Лейтенант удивленно посмотрел на нее.
– Какую роль вы играете?
– Роль герцогини.
Стюарт церемонно поклонился. Его башмаки отстучали энергичную дробь
Двор был освещен несколькими лампами, висящими на столбах. Служители как раз кончили их зажигать, и лампы пока еще светили неуверенно, уступая небу в яркости света.
Дороти подошла к навесу. Под ним были сложены рядами большие крепкие колеса с железными ободами. В брусках и коротких бликах лишь осведомленный человек мог разглядеть заготовки для тяжелых лафетов.

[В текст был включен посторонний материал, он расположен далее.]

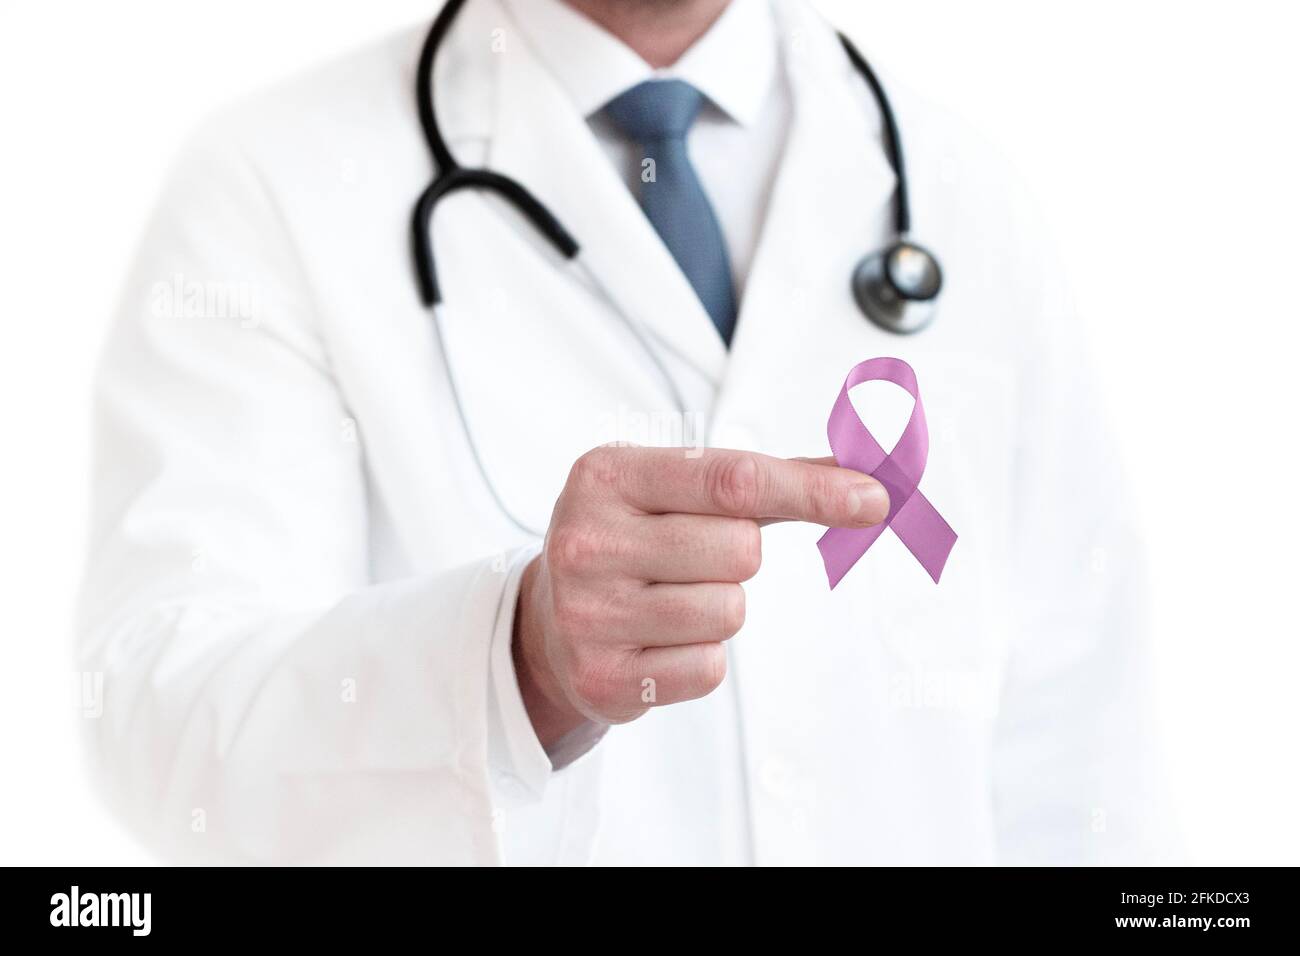 Pancreatic cancer awareness Stock Photo

Дороти была осведомленным человеком, потому что знала, что искать. Мистер Уиттли не смел отказаться от похода на Пегу – отказавшись, он терял надежду стать великим человеком. Дороти и ее дядя угадали правильно – вон там, дальше, толстыми свиньями, укутанными в брезент, лежат тяжелые стволы корабельных орудий, которые свозят с «Дредноута». Главное – не упустить момента. Завтра надо будет сообщить сайя У Дхаммападе об увиденных пушках. Еще неделя, и число их перевалит за полсотню. Такая громовая мощь может сокрушить любую армию.
– Вы чем-то заинтересовались? – Дороти вздрогнула от ненавистного голоса полковника Блекберри. И надо же, он застал ее в тот момент, когда она, задумавшись, приподняла угол брезента и смотрела на пушечный ствол.
– Добрый вечер, – сказала Дороти. – А я думала, что это здесь лежит.
– Конечно, моя маленькая девочка и не подозревает, какими бывают пушки.
– Ах, это пушки, – догадалась Дороти. – Вот спасибо, что вы мне это сказали.
– Была бы моя воля…
– Полковник, вы опять беретесь за старые песни, – огрызнулась Дороти. – Я вам не подчиняюсь…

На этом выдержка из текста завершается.